As reported by the Telegraph, Mr. Volker described the current situation as unlike anything he has ever seen (and he has seen a lot):
"What this crisis reveals is a broken financial system like no other in my lifetime," he told a conference at Lombard Street Research in London.
"Normal monetary policy is not able to get money flowing. The trouble is that, even with all this [government] protection, the market is not moving again. The only other time we have seen the US economy drop as suddenly as this was when the Carter administration imposed credit controls, which was artificial."
I'm old enough to remember the Carter years and well remember the catastrophe that credit controls wrought. Any suggestion that we are in a period such as that is alarming indeed. Mr. Volker also had an interesting comment regarding his advice to Barack Obama.
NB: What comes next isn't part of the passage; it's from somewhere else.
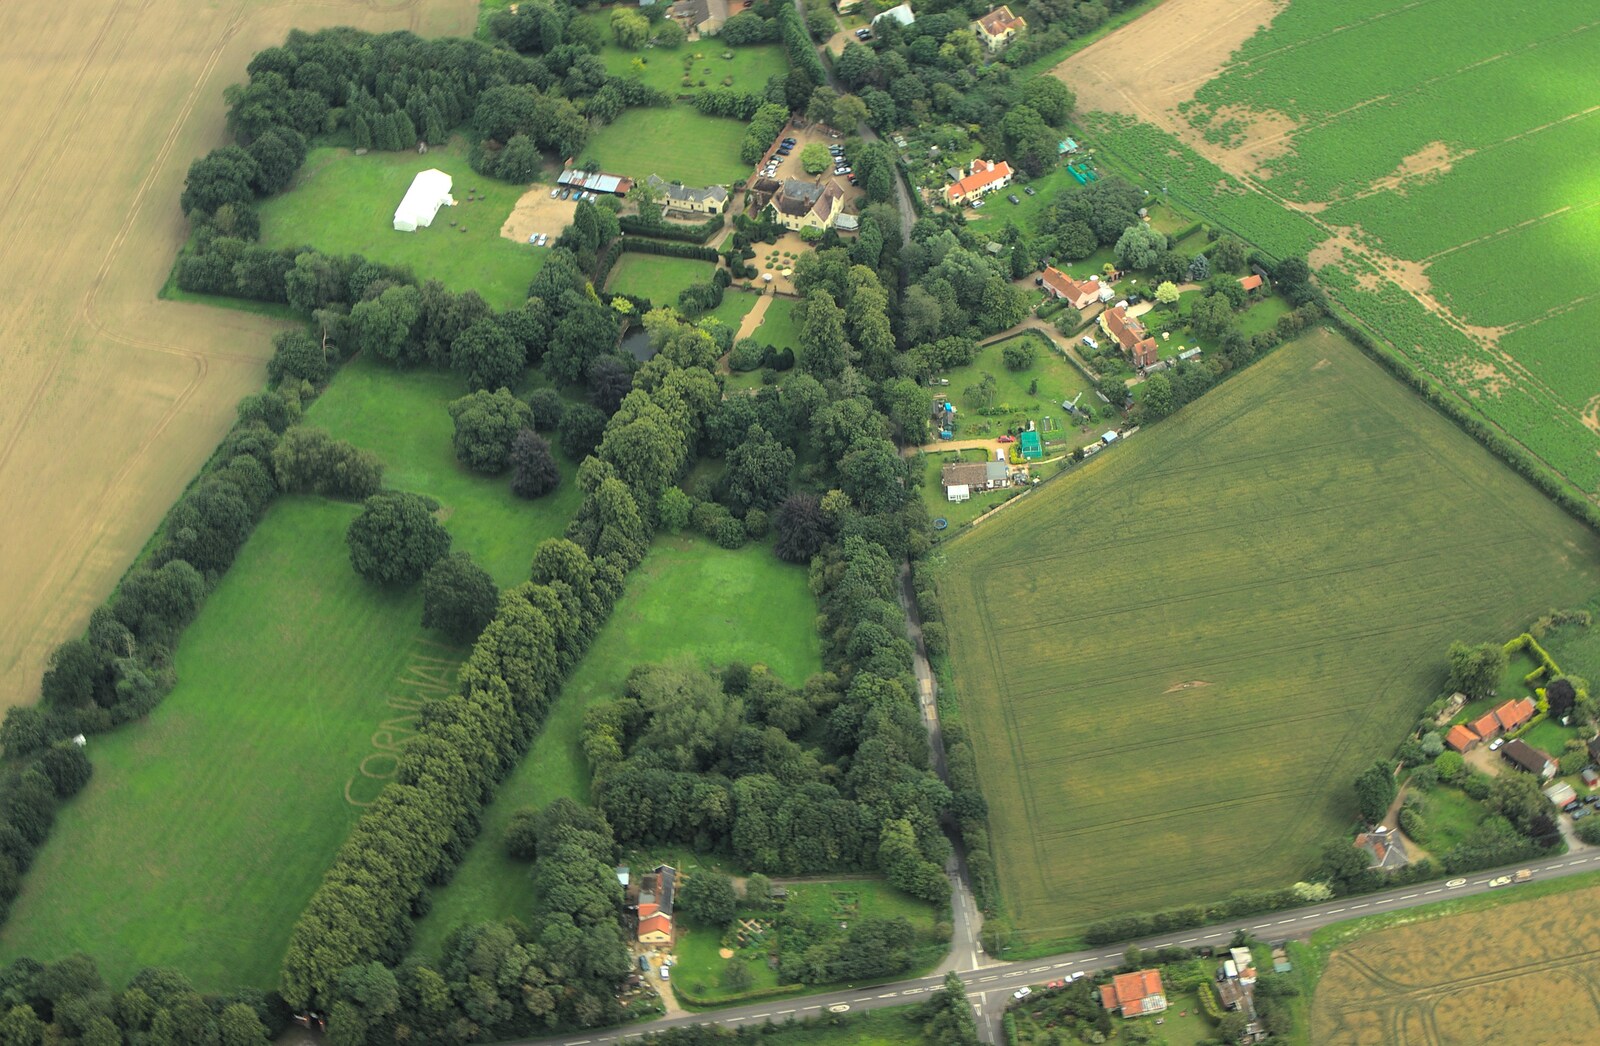 The avenue of the nearby Cornwallis Hotel from Nosher Flies in a P-51D Mustang, Hardwick Airfield, Norfolk (and the Whole of Suffolk) - 17th July 2011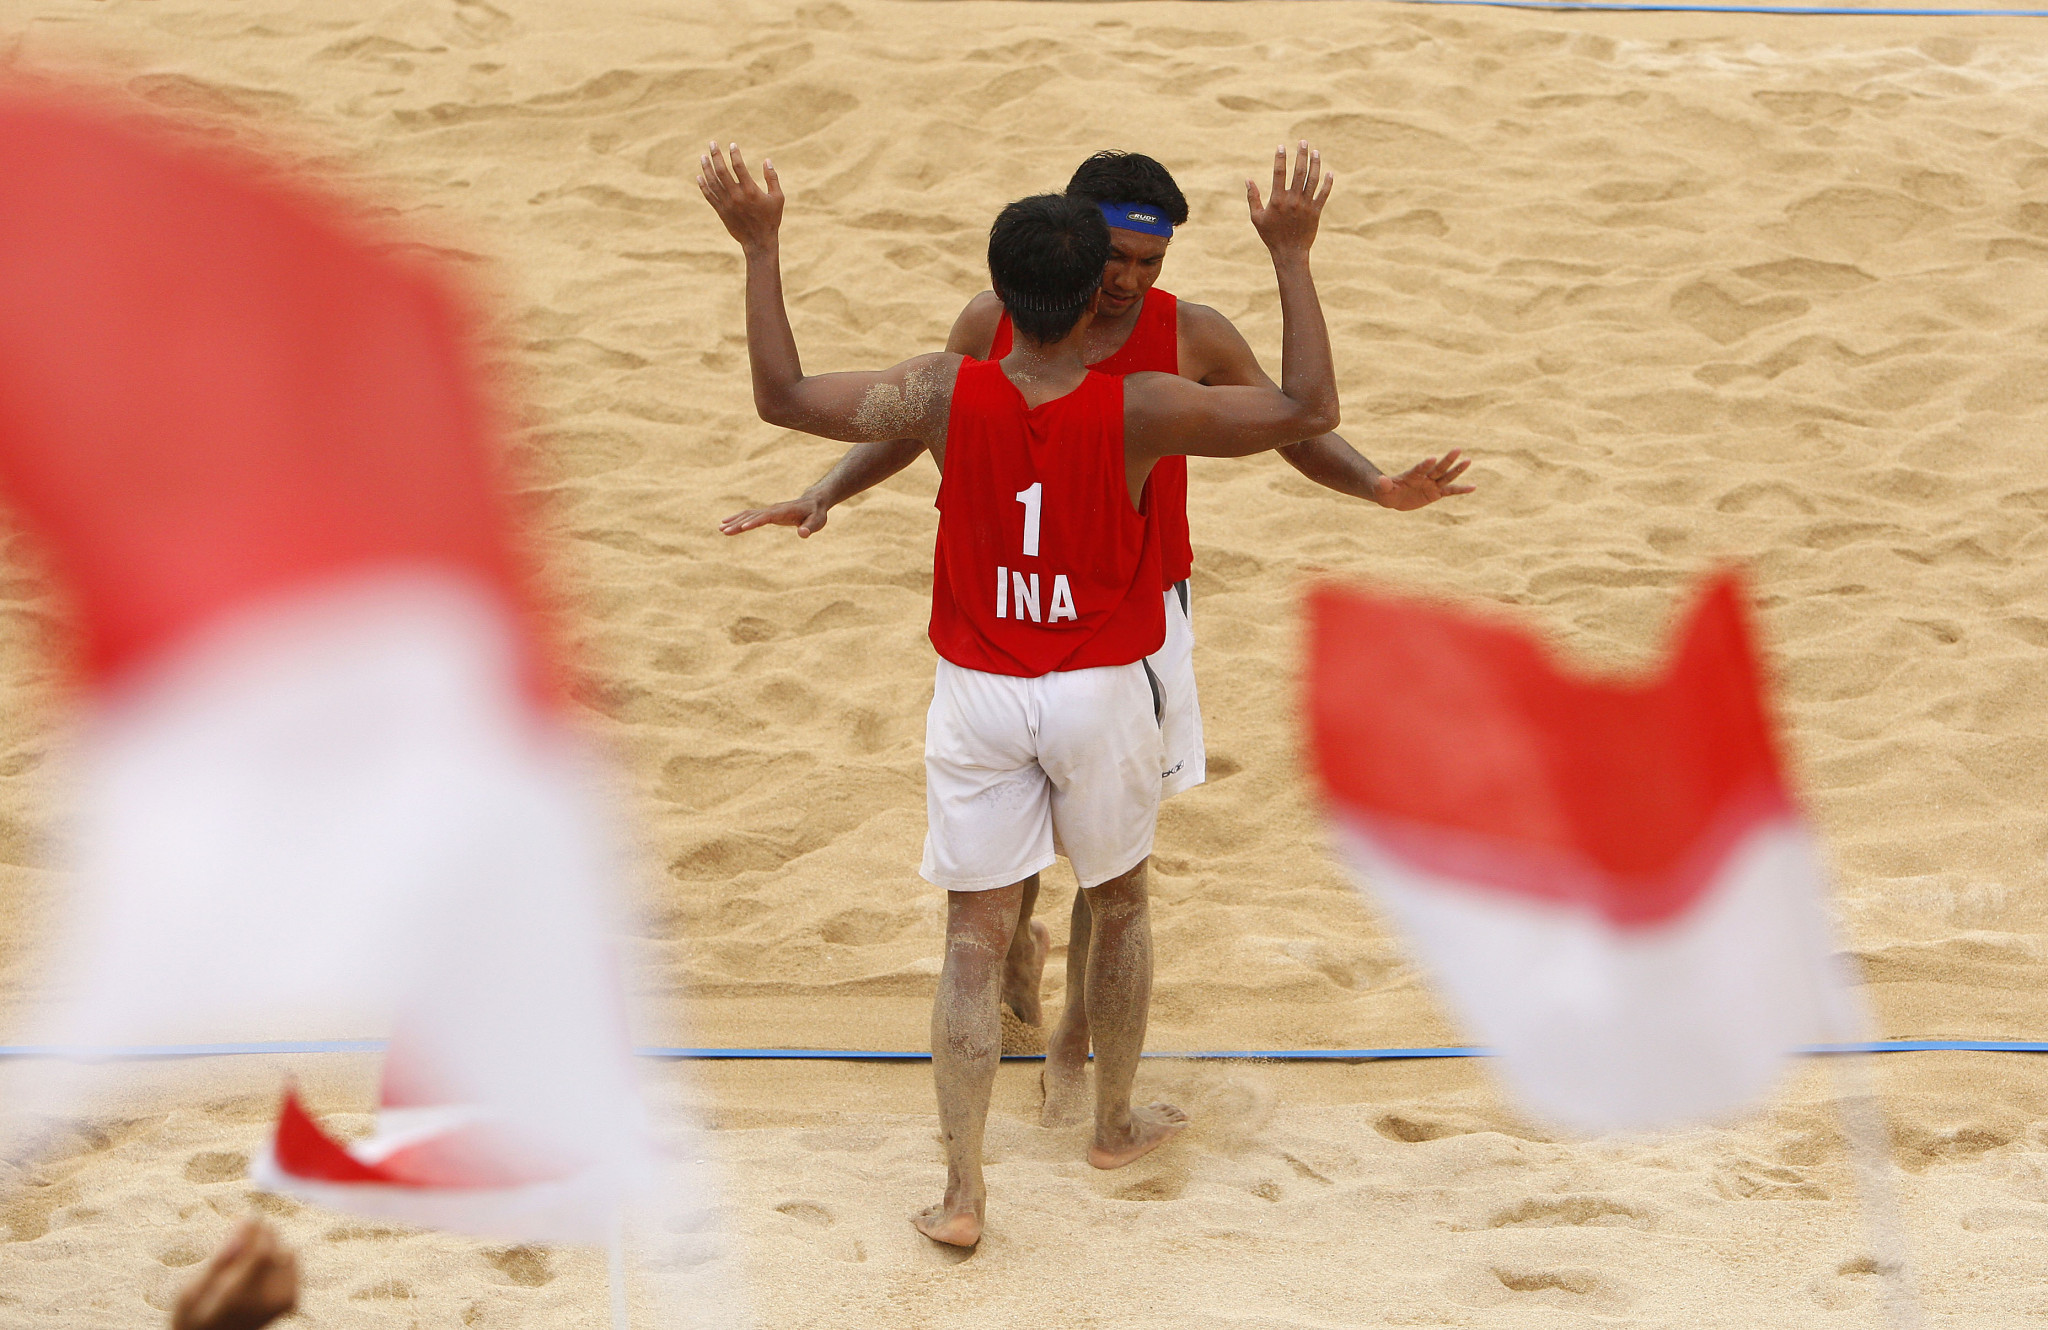 Bali is set to host the 2023 ANOC World Beach Games ©Getty Images

Remember, he is one of his financial advisers.
He advised Mr Obama to tread a fine line, embarking on bold action with a "compelling economic logic" rather than scattering fiscal stimulus or resorting to a wholesale bail-out of Detroit. "He can't just throw money at the auto industry."
That advice is going to put Mr. Obama in a difficult place with his own party, particularly the older, more liberal part of the party, to which most of the leadership of the House and Senate are a part. Campaign promises and natural inclinations will mitigate in favor of throwing money. It is truly going to be a test for Obama to repress that road if indeed that is what he means to do.
Just for the fun of it, let me leave you with Volker's assessment of where the blame should lie for the mess. It's not original but I like the way he put it.
Even so, he said the arch-culprit was the bonus system that allowed bankers to draw forward "tremendous rewards" before the disastrous consequences of their actions became clear, as well as the new means of credit alchemy that let them slice and dice mortgage debt into packages that disguised risk.